PROVIDED RECORDS Block Start
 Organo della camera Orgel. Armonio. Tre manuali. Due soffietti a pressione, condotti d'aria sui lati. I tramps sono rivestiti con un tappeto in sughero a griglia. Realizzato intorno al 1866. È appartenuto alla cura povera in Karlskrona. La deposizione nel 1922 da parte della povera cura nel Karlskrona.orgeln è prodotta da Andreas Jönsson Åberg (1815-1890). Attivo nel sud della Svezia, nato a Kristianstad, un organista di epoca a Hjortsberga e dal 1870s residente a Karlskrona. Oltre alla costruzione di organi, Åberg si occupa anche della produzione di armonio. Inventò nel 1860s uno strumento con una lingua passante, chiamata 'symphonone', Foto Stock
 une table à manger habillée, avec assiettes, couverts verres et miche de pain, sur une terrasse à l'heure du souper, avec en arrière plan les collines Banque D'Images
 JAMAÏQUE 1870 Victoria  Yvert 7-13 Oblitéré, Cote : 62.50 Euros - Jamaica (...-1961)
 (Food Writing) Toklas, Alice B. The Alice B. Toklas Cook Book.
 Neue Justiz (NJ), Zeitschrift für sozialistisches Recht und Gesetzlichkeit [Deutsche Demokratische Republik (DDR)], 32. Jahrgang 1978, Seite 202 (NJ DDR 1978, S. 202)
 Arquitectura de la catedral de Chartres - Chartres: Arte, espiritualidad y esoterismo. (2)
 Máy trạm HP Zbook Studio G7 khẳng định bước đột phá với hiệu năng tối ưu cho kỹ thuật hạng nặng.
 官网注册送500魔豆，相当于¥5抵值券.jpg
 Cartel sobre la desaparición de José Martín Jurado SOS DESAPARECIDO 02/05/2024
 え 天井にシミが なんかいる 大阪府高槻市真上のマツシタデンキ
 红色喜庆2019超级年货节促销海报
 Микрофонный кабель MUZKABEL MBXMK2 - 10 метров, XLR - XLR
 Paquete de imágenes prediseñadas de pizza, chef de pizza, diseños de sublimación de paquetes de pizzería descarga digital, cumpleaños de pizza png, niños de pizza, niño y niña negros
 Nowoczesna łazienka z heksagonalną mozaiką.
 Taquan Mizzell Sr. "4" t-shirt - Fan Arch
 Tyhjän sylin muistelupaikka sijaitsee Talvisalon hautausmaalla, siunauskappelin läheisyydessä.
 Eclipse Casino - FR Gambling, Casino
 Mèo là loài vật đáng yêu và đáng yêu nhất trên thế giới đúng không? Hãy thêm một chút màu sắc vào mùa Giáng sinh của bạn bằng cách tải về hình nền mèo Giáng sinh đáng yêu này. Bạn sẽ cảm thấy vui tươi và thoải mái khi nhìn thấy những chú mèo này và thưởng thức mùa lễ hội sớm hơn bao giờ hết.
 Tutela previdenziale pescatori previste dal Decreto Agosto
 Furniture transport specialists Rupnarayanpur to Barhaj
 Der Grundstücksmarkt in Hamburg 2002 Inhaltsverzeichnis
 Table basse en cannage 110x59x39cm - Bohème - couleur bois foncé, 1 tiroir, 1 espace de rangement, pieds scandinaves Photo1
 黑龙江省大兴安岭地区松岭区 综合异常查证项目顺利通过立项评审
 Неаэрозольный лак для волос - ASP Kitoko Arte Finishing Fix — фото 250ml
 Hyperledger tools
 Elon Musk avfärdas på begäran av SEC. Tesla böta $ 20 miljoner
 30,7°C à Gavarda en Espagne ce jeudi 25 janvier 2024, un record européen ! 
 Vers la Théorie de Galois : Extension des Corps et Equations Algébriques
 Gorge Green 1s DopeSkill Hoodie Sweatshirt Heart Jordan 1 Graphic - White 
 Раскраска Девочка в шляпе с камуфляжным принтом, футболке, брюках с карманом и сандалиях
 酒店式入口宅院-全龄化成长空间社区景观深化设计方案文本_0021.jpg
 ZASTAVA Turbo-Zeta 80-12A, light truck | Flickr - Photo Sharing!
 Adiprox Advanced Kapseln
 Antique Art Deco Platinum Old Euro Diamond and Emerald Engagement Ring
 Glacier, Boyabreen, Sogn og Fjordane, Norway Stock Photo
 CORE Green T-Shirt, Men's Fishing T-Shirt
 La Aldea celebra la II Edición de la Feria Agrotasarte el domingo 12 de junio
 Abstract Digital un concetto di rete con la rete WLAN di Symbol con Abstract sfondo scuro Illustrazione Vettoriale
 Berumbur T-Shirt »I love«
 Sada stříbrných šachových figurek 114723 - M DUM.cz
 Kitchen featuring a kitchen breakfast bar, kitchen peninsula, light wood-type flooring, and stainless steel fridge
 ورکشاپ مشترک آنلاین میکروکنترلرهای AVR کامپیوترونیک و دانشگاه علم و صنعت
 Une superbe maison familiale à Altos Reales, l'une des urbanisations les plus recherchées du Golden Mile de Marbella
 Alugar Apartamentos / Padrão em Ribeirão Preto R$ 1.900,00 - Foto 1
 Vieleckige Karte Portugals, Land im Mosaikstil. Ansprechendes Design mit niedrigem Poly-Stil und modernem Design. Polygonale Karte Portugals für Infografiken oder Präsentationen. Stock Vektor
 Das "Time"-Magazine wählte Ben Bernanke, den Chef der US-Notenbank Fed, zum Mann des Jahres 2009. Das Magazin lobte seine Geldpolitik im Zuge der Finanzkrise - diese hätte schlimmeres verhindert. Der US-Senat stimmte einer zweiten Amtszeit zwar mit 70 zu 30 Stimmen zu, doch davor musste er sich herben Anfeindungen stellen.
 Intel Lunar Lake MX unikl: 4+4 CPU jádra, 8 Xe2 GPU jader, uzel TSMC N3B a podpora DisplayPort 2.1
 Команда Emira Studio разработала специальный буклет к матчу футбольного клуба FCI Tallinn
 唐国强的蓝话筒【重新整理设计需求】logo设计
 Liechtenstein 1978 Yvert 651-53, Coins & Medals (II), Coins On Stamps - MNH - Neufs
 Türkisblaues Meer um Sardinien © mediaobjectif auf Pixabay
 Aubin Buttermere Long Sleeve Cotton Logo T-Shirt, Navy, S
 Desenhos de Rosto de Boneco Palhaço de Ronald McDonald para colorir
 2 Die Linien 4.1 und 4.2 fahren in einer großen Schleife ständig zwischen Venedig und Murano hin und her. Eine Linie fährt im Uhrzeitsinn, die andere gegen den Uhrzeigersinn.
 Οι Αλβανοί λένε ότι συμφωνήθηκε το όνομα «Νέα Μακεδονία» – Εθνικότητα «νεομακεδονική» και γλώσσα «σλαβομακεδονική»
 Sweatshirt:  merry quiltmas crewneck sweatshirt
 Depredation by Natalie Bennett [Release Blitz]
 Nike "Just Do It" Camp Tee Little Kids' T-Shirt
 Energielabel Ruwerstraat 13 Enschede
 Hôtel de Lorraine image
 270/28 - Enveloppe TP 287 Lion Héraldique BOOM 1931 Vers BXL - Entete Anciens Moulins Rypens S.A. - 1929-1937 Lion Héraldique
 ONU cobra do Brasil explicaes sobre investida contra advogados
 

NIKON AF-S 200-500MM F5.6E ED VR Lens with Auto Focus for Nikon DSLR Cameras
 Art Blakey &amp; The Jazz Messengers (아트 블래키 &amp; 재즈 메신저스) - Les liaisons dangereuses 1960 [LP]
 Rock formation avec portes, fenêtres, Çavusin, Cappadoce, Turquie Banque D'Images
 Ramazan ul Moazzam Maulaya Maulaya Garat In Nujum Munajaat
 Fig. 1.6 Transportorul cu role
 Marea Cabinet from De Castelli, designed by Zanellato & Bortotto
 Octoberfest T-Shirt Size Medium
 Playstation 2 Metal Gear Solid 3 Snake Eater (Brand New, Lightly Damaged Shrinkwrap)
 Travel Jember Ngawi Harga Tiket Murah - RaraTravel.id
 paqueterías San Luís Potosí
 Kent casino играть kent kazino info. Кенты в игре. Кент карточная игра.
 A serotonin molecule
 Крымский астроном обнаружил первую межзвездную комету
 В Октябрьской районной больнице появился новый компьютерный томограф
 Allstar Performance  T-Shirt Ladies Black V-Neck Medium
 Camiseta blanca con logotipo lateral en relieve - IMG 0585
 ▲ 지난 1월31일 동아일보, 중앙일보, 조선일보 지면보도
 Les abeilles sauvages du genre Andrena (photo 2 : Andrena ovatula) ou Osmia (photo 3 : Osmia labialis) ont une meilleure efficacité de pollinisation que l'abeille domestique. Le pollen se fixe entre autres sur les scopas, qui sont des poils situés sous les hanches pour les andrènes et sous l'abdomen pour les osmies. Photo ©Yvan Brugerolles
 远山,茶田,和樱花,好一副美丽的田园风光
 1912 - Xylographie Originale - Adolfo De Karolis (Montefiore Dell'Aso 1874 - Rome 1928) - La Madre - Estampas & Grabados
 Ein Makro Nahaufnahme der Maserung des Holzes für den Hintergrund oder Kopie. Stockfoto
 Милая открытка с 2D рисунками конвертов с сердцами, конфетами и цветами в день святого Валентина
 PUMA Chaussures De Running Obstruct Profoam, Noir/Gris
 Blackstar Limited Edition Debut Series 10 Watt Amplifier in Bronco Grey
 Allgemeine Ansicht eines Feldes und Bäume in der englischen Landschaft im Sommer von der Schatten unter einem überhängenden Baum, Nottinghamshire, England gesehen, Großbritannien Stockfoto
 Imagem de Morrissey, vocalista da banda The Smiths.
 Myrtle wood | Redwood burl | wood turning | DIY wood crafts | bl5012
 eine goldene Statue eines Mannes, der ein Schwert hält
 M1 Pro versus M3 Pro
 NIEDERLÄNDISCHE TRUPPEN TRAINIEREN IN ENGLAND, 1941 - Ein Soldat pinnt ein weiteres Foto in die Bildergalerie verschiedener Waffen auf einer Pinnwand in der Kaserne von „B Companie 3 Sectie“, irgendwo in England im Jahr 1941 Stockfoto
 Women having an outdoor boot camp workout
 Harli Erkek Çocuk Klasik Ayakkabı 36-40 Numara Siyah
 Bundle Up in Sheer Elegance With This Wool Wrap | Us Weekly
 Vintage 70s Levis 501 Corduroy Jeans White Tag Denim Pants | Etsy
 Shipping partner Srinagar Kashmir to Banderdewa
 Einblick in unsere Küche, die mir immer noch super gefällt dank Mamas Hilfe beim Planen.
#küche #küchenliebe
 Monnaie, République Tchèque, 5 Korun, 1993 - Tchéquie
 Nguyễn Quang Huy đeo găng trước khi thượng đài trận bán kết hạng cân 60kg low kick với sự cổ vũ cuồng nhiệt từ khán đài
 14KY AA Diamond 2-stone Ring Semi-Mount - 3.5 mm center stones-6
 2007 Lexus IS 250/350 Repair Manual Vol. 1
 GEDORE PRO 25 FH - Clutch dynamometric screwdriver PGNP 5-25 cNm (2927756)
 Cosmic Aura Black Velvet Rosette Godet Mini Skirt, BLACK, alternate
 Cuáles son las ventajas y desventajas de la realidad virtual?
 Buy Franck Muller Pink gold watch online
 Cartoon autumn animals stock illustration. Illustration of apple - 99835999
PROVIDED RECORDS Block End
### TASK TO CARRY OUT:
Leave out every line above except those from the line with "중앙일보, 조선일보 지면보도" up to and including the line with "远山,茶田,和樱花,好一副美丽的田园风光", and copy those exactly.

### RESULT:
 ▲ 지난 1월31일 동아일보, 중앙일보, 조선일보 지면보도
 Les abeilles sauvages du genre Andrena (photo 2 : Andrena ovatula) ou Osmia (photo 3 : Osmia labialis) ont une meilleure efficacité de pollinisation que l'abeille domestique. Le pollen se fixe entre autres sur les scopas, qui sont des poils situés sous les hanches pour les andrènes et sous l'abdomen pour les osmies. Photo ©Yvan Brugerolles
 远山,茶田,和樱花,好一副美丽的田园风光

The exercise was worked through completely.